At the end of the night, after Batwoman saves the day and the Bat-brand and especially the life of a little girl who idolizes her, Kate and Reagan get real. Reagan’s not needy, she doesn’t want to be the anchor of Kate’s life, they just met — but if she misses a spin class or trades a shift at work to hang out and Kate bails on her, that sucks. Kate doesn’t make excuses, promise to be better, coax Reagan into giving her another chance. She agrees she’s been a jerk. She likes Reagan. She can’t be fair to her right now. So probably it’s better if they stop seeing each other. I’ve watched Clark Kent drag Lois Lane through flaky, bad boyfriend hell for at least 13 full seasons of TV and five full-length feature films. These two women talk out their feelings, explain their needs and desires, and handle the dissonance like adults in 42 minutes. (GAAAAAAY.)

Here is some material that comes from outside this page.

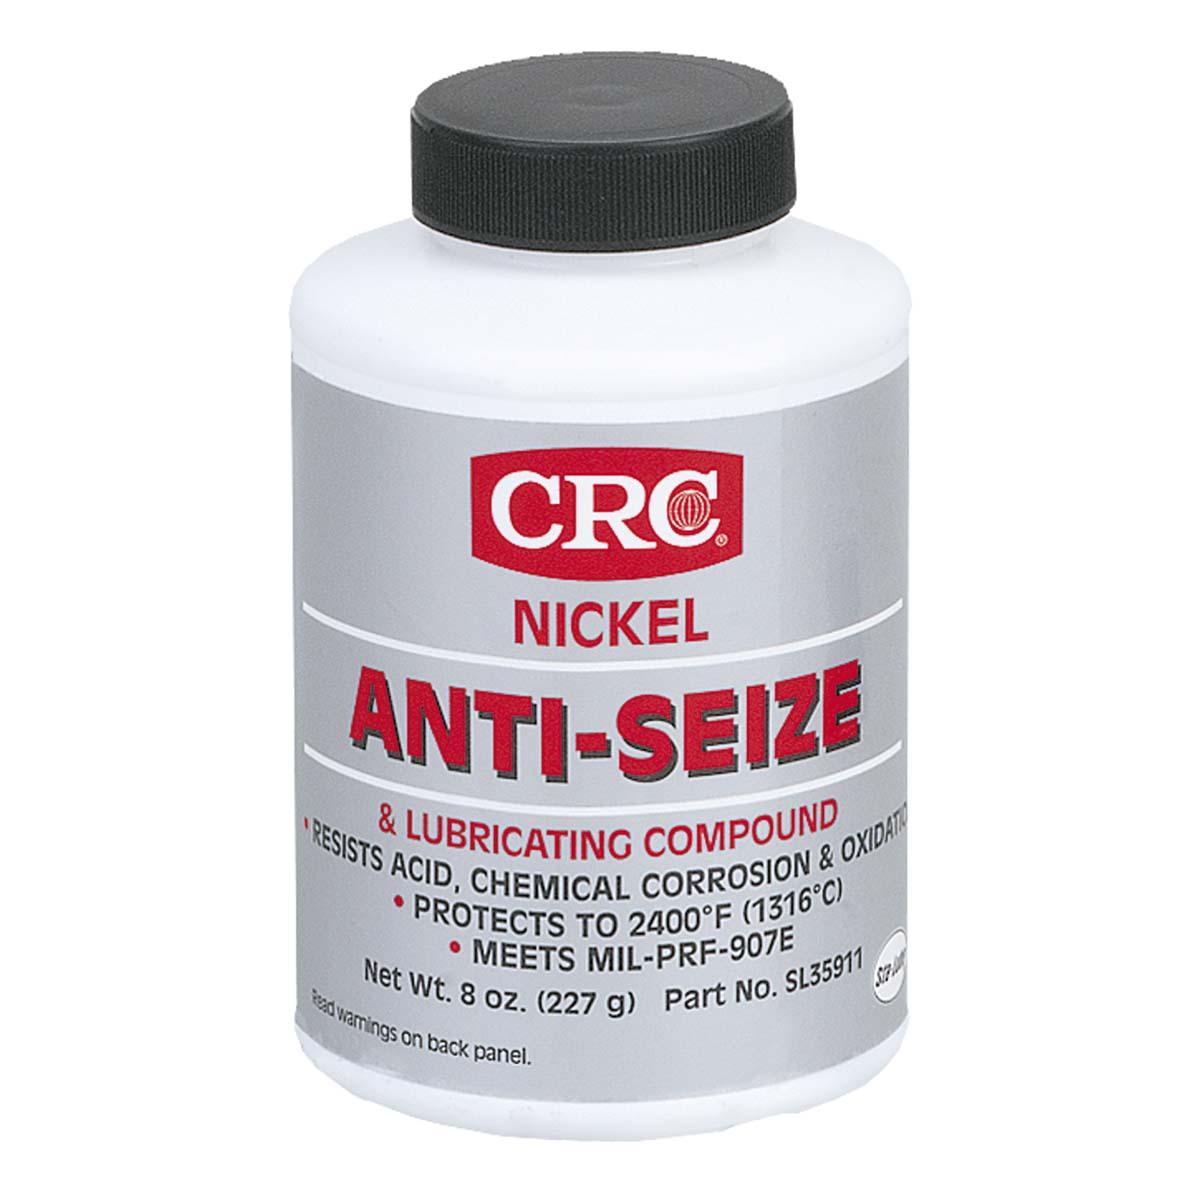 Nickel Anti-Seize Lubricating Compound, 8 Wt Oz

This absolutely won’t be the end of Kate and Reagan, or if the whole Kate-Reagan-Sophie triangle, but the episode does a nice job beginning to establish the personal cost of being a superhero, to the cape-wearer and the people who love them. And though I’ve seen this story about ten billion times between a guy superhero and his gal, I’ve only ever seen it twice between two women: in the Batwoman comics in Maggie and Kate’s New 52 Batwoman storyline, and on last season’s Black Lightning between Grace and Anissa.The queer novelty has not worn off!

“Who Are You?” also continues to shade in the lines of its supporting women characters in a way that absolutely delights me. Every episode gives me another reason to want to prove my love for Mary by stepping in front of a bullet for her or pushing her off some train tracks or just making her a nice cozy bowl of homemade soup and some fresh-baked bread. This week she meets Batwoman for the first time. To keep her identity safe, Kate uses a voice-modulator to make her sound like an Australian doing an American accent in a slightly more husky way. Mary is starstruck, but chill about it (mostly). And she’s immediately all-business when Batwoman reveals she’s brought a half-dead man — Alice’s boyfriend who tried to kill Mary once already — in for her to save. Mary keeps him alive, valiantly; she also scolds Batwoman for mistreating him and uses his morphine haze to pump him for information about Alice. Which is to say, she remains perfect.

And Rachel Skarsten continues to chew through Alice’s scenes with the nice mix of playfully unhinged and downright psychotic. She forces Katherine to tell Jacob that the authorities actually never found Beth’s body. Those skull fragments were from a deer and Katherine paid the doctor doing the DNA analysis to say they belonged to Beth. And Alice only has to cut off one guy’s finger with some hedge-clippers to make it happen! Imagine what she could do if she had a 3D printer like Magpie’s that uses the apparently widely accessible office supply of: explodable ink!

The CW has already given Batwoman a full-season order. That’s plenty of time for Bruce Wayne to make his way home — but after only four episodes of Ruby Rose in the cape and cowl, I can honestly say, I don’t care if Batman ever comes back to Gotham City.